Using the Genomic Bottleneck to Compress Models

This guide explains the internals of torchGB.

The torch.distributed package is used in torchGB to parallelize the training process across multiple GPUs. This allows for efficient use of hardware resources and can significantly speed up training times.

To enable distributed training, you need to initialize the multiprocessing environment using dist.init_process_group(). You can choose from various backends such as nccl, gloo, or mpi.

After initialization, you can create a DistributedDataParallel (DDP) wrapper around your model using DistributedDataParallel(model, device_ids=[rank], output_device=rank).

Here’s an example code snippet that demonstrates how to initialize the distributed environment and wrap your model with DDP:

Initializing distributed environment and wrapping model with DDP

dist.init_process_group(backend="nccl")
rank = dist.get_rank()
world_size = dist.get_world_size()

model = GPT(**experiment_config["model"]).to(rank)
model = DDP(model, device_ids=[rank], output_device=rank)

The genomic bottleneck in torchGB is responsible for parallelizing the training of g-nets across multiple GPUs. To achieve this, we use the predict_weights() method of the GenomicBottleneck class to compute the weights of each g-net. The genomic bottleneck in torchGB is responsible for parallelizing the training of g-nets across multiple GPUs. To achieve this, we use the predict_weights() method of the GenomicBottleneck class to compute the weights of each g-net. This method implicitly updates the model weights with the g-net predictions.

Here’s an example code snippet that demonstrates how to call predict_weights() and propagate gradients through the g-nets:

Calling predict_weights() and propagating gradients

gnets.zero_grad() # Zero g-net gradients
gnets.predict_weights() # Compute p-net weights using g-nets

loss.backward() # Backpropagate through p-net
gnets.backward() # Backpropagate through g-nets

optimizer.step() # Update p-net parameters
gnets.step() # Update g-net parameters

How g-nets are distributed across MPI ranks:

The distribution of g-nets is handled internally by the GenomicBottleneck class.
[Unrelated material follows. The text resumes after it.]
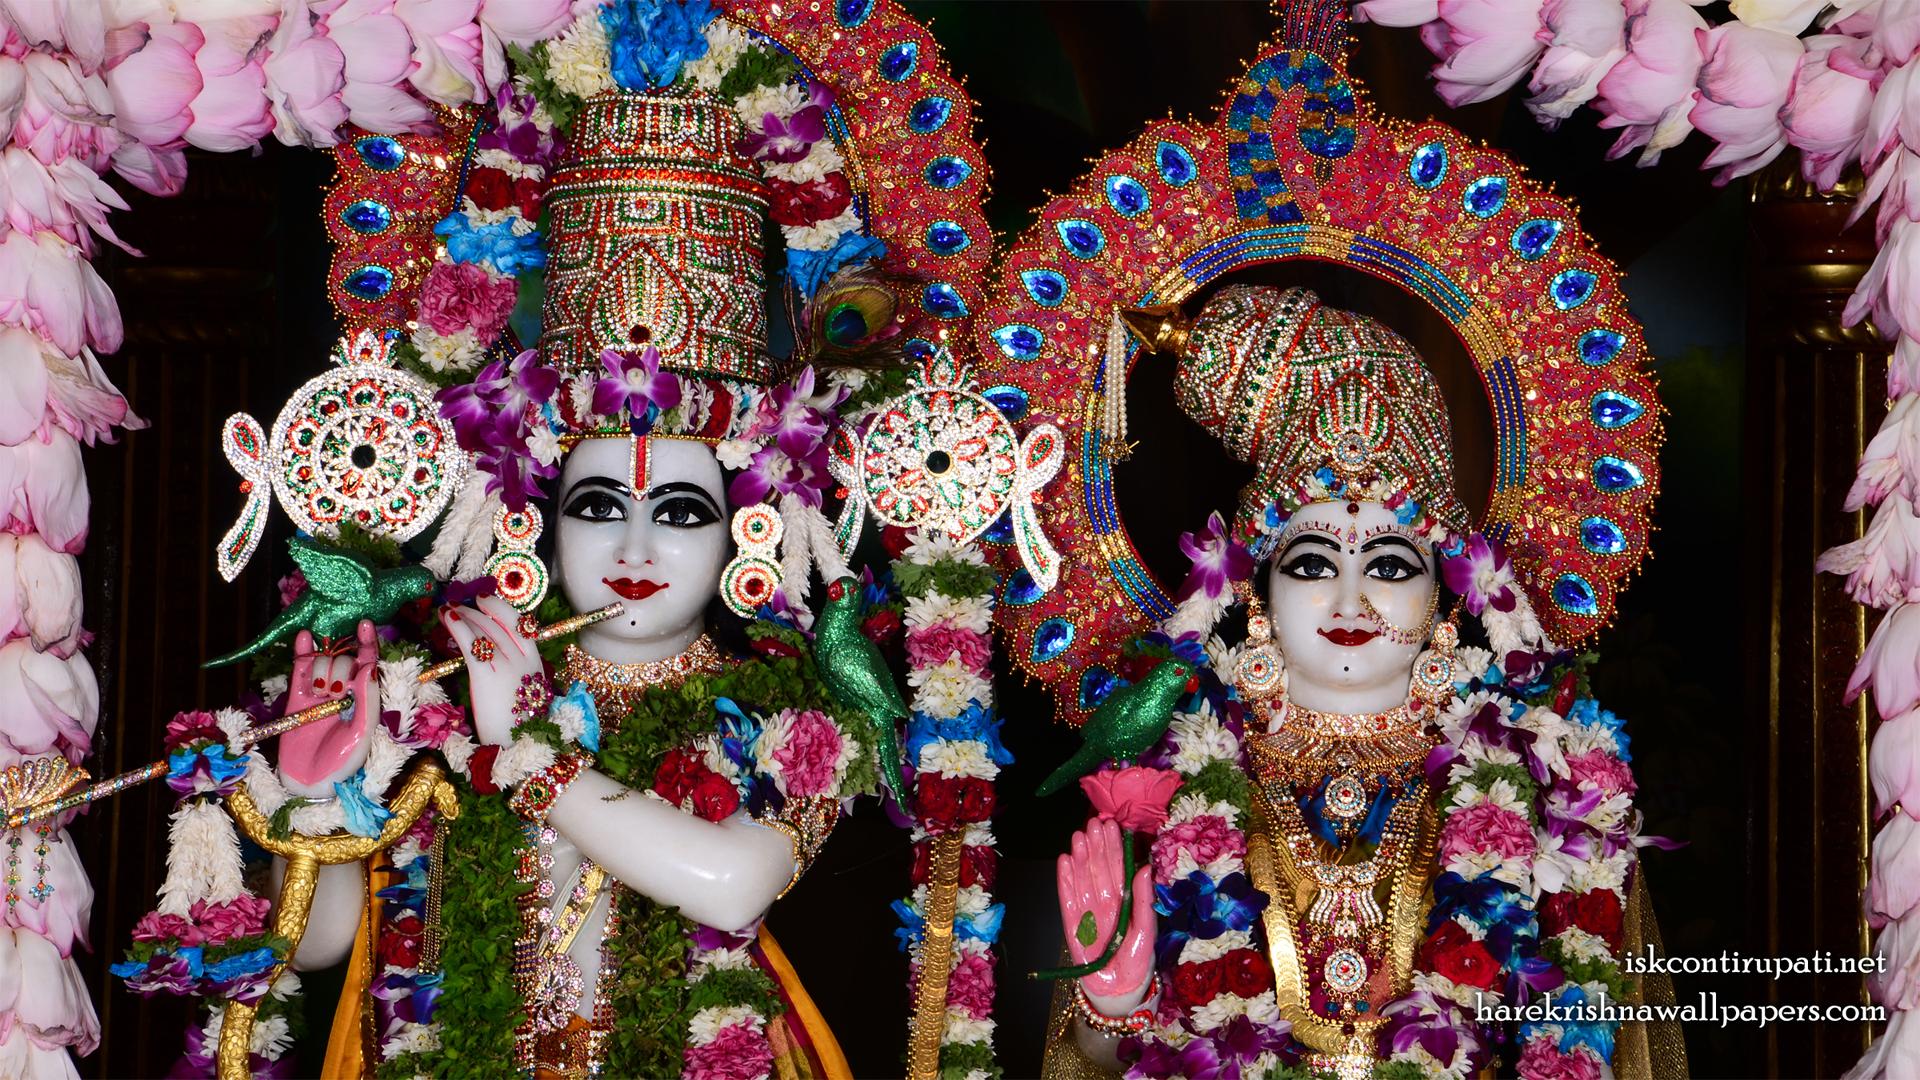 Sri Sri Radha Govinda Close up Wallpaper (005) Size 1920x1080 Download

During initialization, the GenomicBottleneck class (see src/torchGB/core.py) analyzes the provided model and creates a set of g-nets for specific layers within the model. This mapping of g-nets to layers is stored in the gnetdict attribute of the GenomicBottleneck class. Each entry in the gnetdict corresponds to a layer’s parameters and is associated with a GNetLayer object (also in src/torchGB/core.py). The GNetLayer object stores important information, including the MPI rank (rank attribute) where the g-net for that layer resides.
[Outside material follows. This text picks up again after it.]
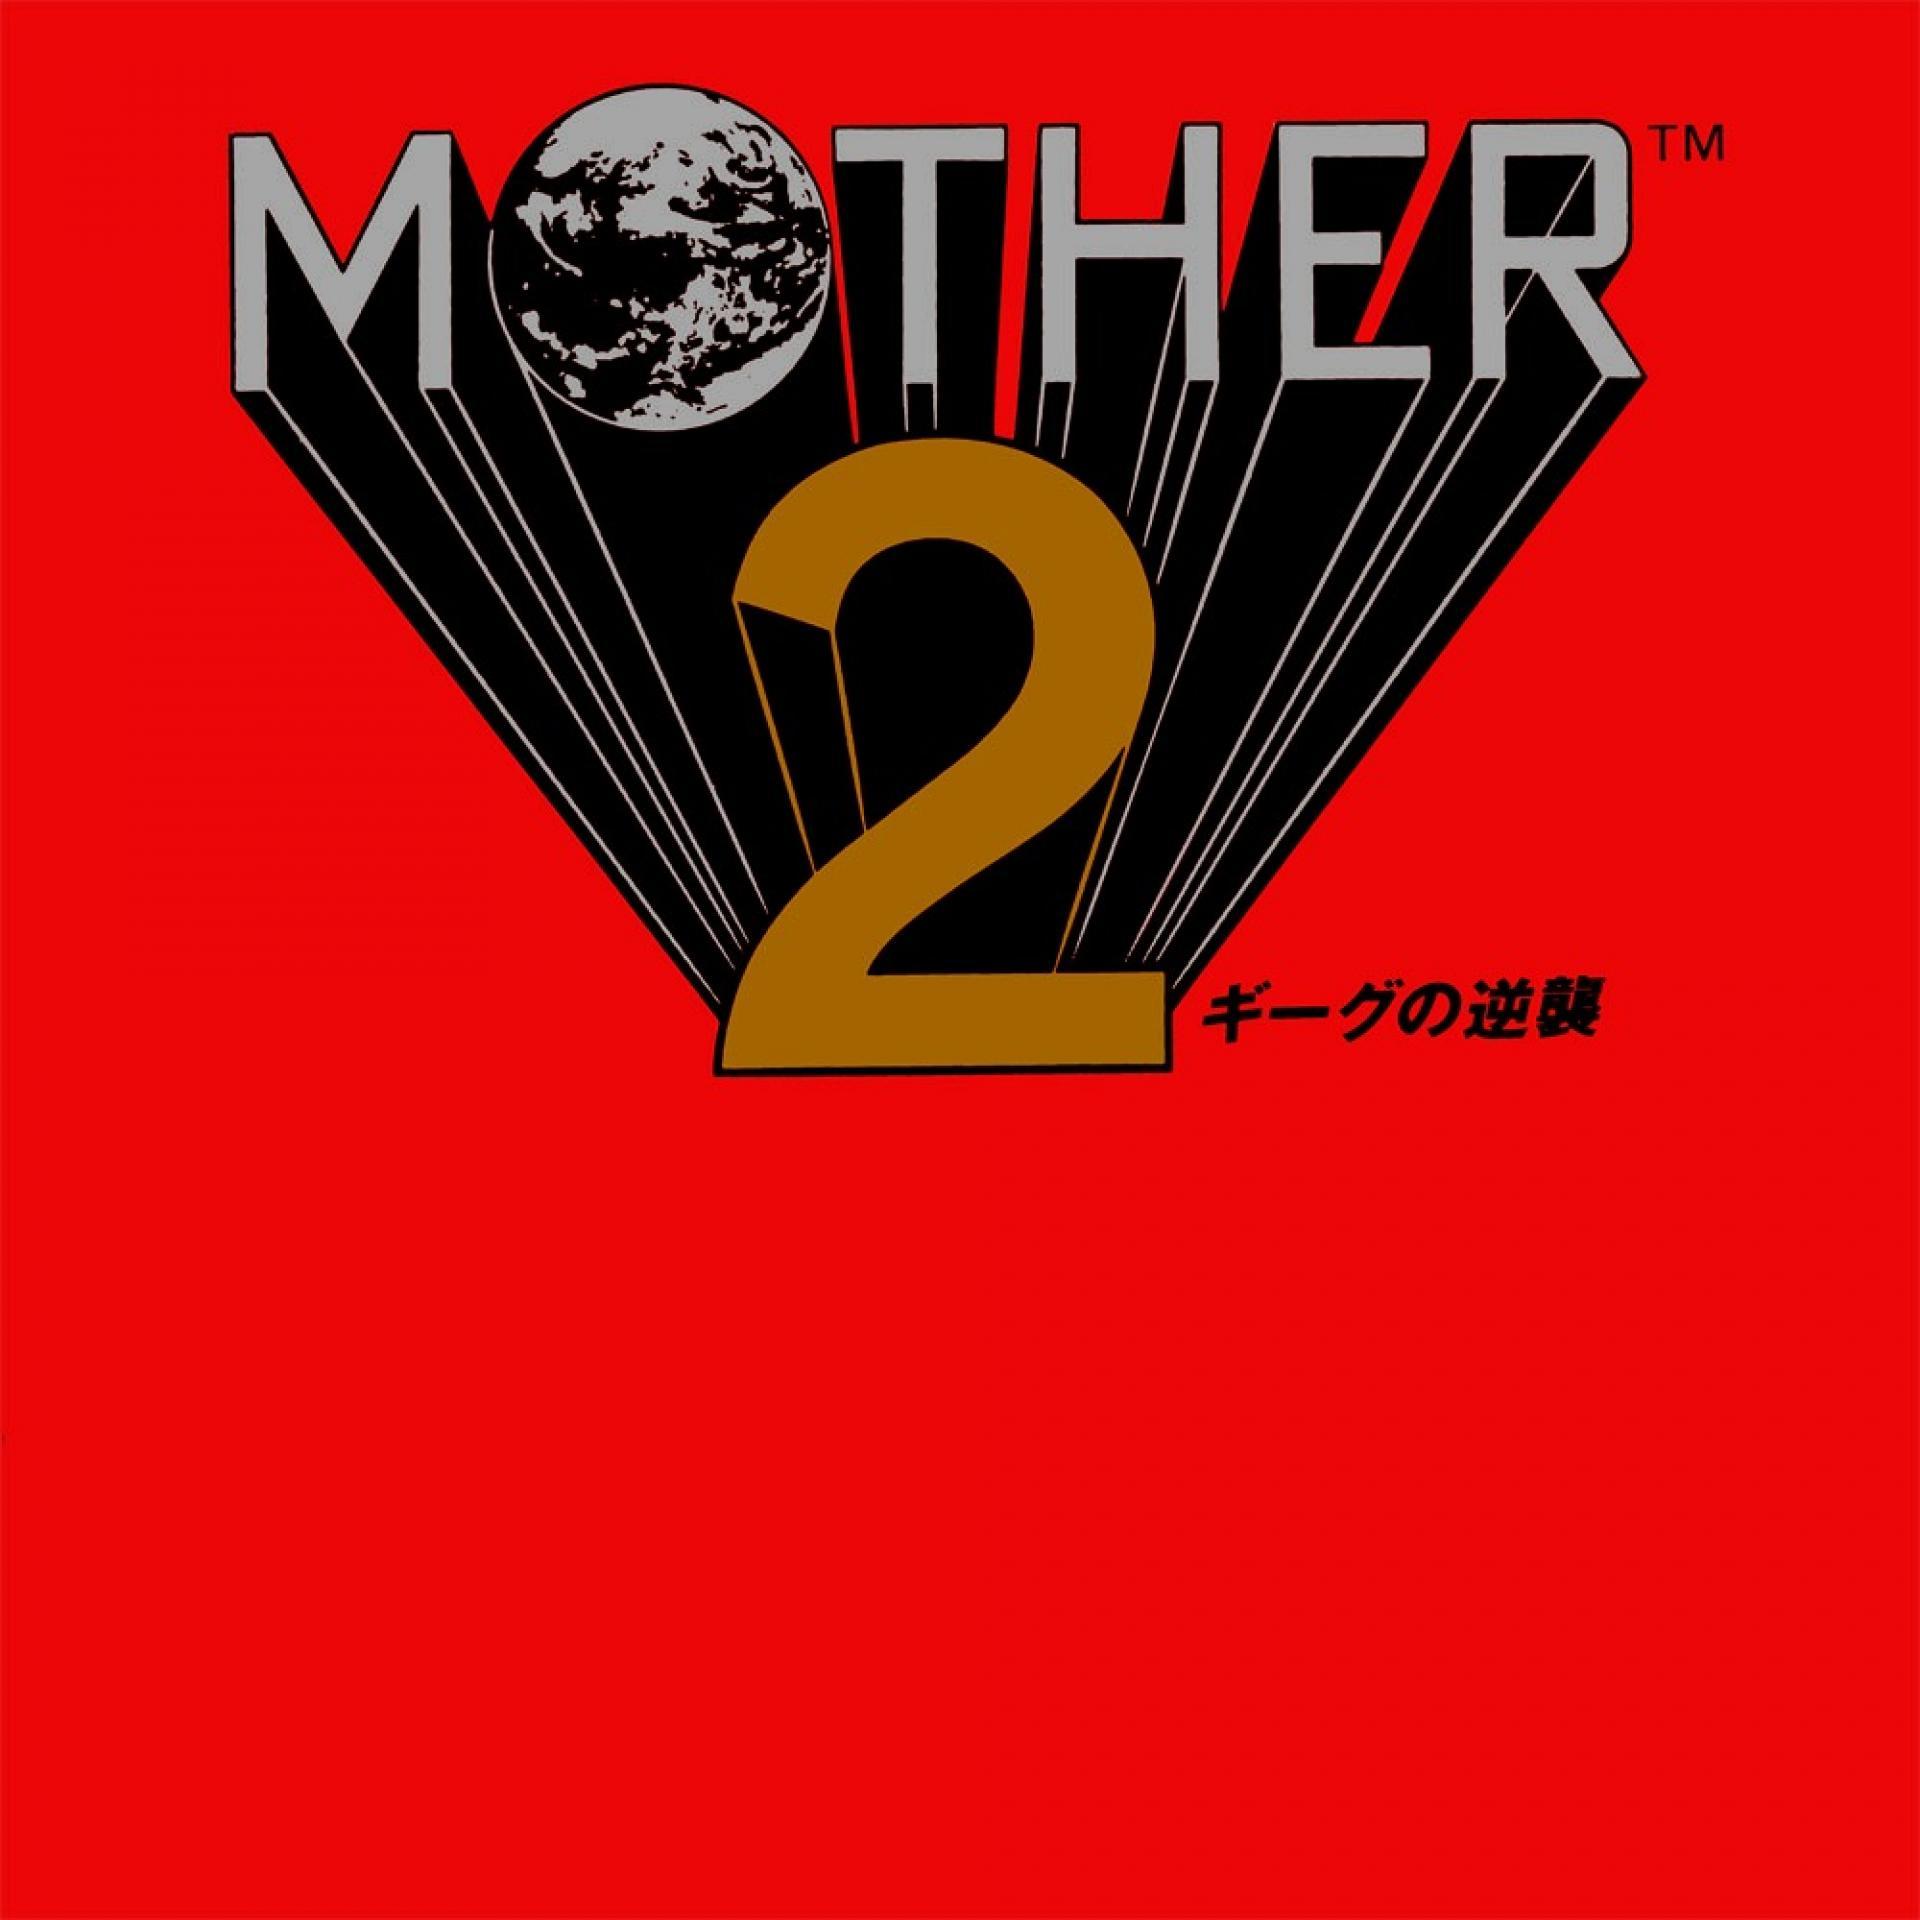 Mother 2 Earthbound Vinyl Releasing Stateside In Q4 2017

The GenomicBottleneck class uses torch.distributed to manage the distribution of g-nets across different ranks. When methods like zero_grad(), backward(), and step() are called on the GenomicBottleneck instance, they internally check the rank attribute of each GNetLayer in the gnetdict. Operations are performed only on the g-nets residing on the current MPI rank. You can see examples of this logic in the implementations of zero_grad(), get_num_params_gnet(), step(), and load() within src/torchGB/core.py.
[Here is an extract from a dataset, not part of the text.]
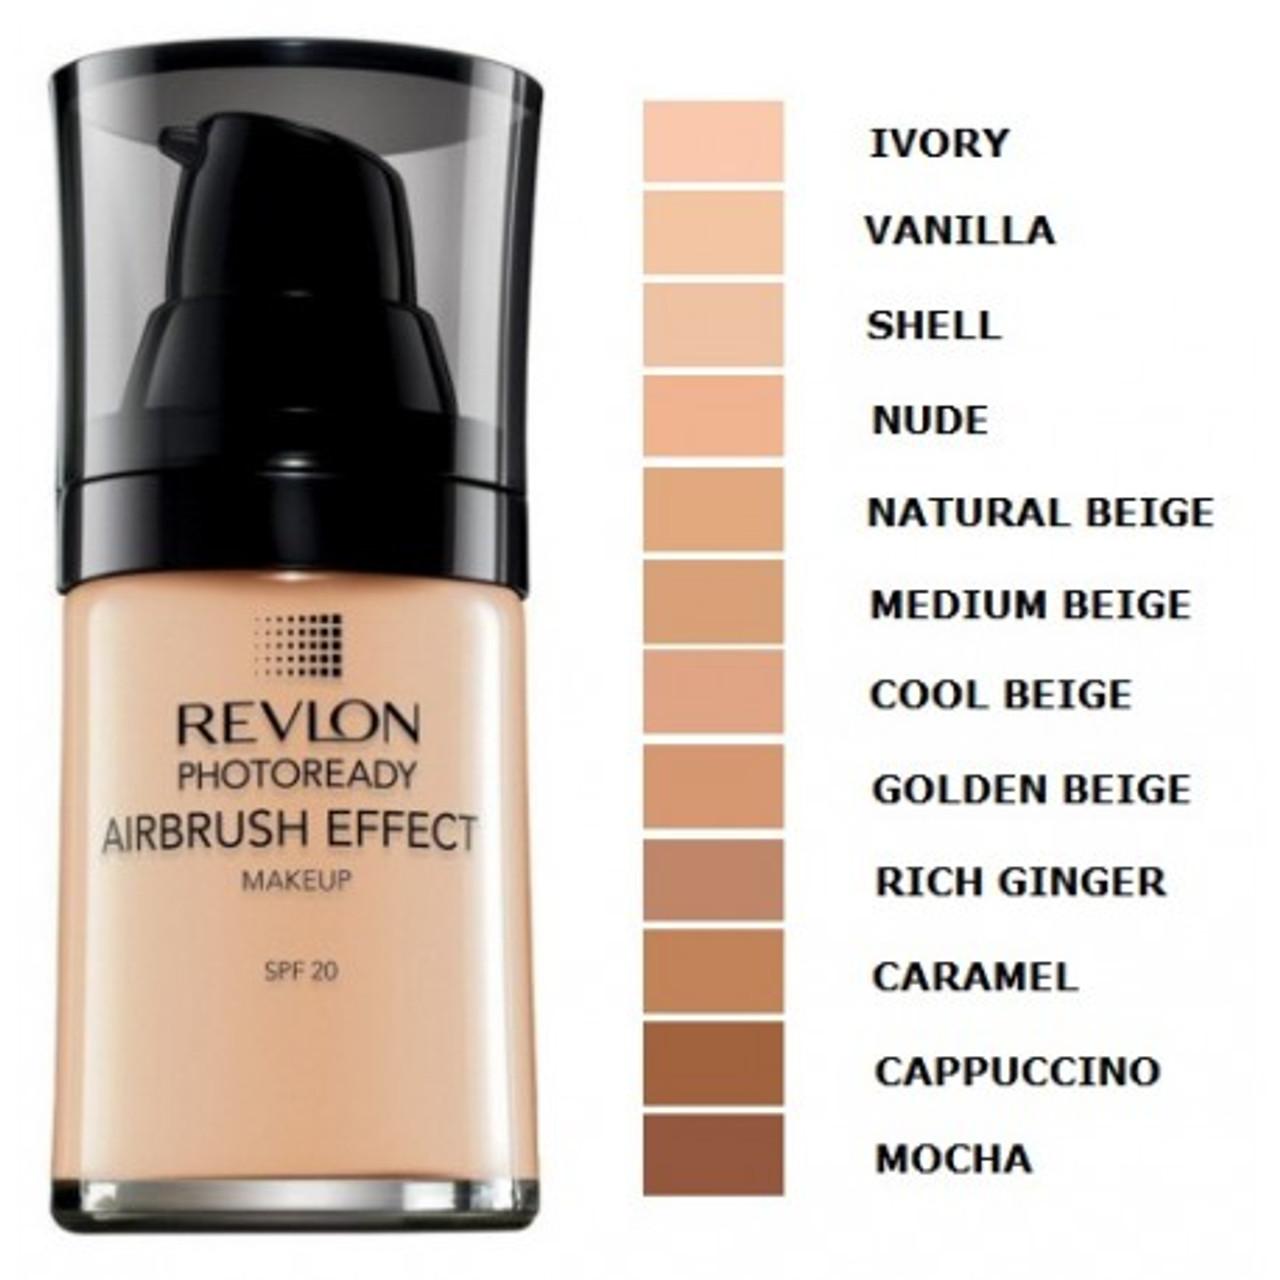 2 Pack - Revlon PhotoReady Airbrush Effect Makeup, Nude

The register_gnet_type function in src/torchGB/core.py is used to associate specific layer types (e.g., nn.Linear, nn.Conv2d) with initialization and build functions for their corresponding g-nets. This mechanism allows the GenomicBottleneck class to create appropriate g-nets for different types of layers in the model.

For more details on the implementation, refer to the source code, specifically src/torchGB/core.py, src/torchGB/gnet.py, and layer-specific files under src/torchGB/layers. The docstrings and comments within these files provide further insights into the internal workings of g-net distribution and management. The __repr__ method in src/torchGB/core.py also offers a way to print information about the created g-nets and their associated parameters.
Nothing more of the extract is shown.